The world has seen a massive surge in the production and use of AI in the last decade, especially in the field of large language models (LLMs). Accordingly, one of the defining corporate challenges of our time is how to deploy AI in a way that not only cuts costs, maximizes productivity, and energizes products, but also is safe, ethical, and adheres to legal standards. This has led to an explosion in the number and types of benchmarks available to evaluate and monitor LLM performance.

However, there is a subtle issue lurking: data contamination. Data contamination occurs when parts or characteristics of a test set leak into a training set, meaning the two datasets are no longer separate. This can lead to artificially high scores on benchmarks, decreasing their value, as well as amplified biases in models. Combating this critical issue is key for companies and researchers who plan to utilize, fine tune, or study LLMs.

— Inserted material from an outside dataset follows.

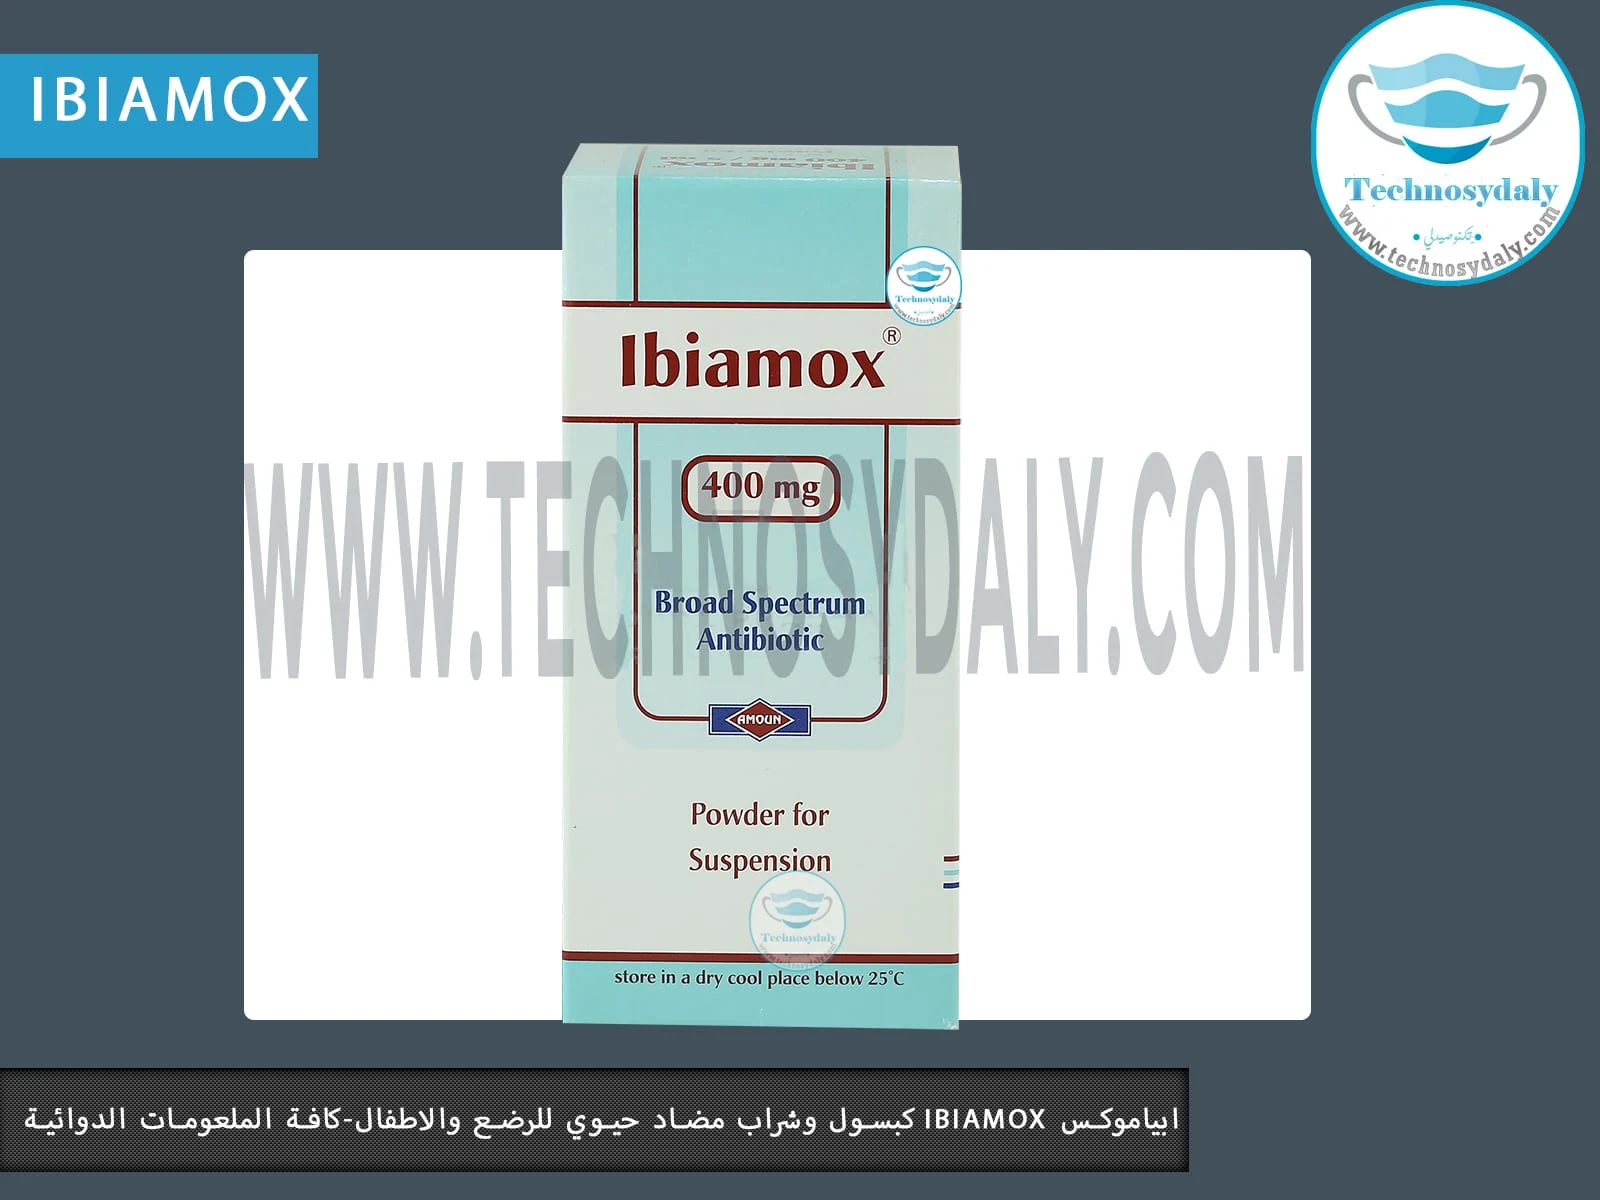 ابياموكس ibiamox كبسول وشراب مضاد حيوي للرضع والاطفال

As such, this blog post will provide an overview of what data contamination is, why it can be harmful, how to detect it, and how to mitigate it in the context of LLMS.

What is data contamination?

LLMs get their general knowledge of the world from pretraining, where they are fed a wide variety of information from hundreds of thousands or even millions of sources. If a particular model is going to be used in a specific context, then it also might be fine-tuned, or fed information pertinent to its use case. This results in a chatbot that can deal with all types of questions, but “specializes” in a certain area.

Since the pretraining and fine-tuning of LLMs requires vast amounts of data, it is often the case that the training data contains some of the question-answer pairs that will be used to test the model. This is known as data contamination, it and can lead to artificially high scores on benchmarks that give an overly positive image of an LLMs ability. For example, our research found that a version of GPT-2 scored 15 percentage points higher when tested on a benchmark that had seeped into its training data versus a benchmark that it had never seen before. The table below shows the scores of the model on the two test sets before and after it was fine-tuned by the contaminated data. TQA-contaminated is a test set which has been partially seen before, and TQA-uncontaminated only contains new questions.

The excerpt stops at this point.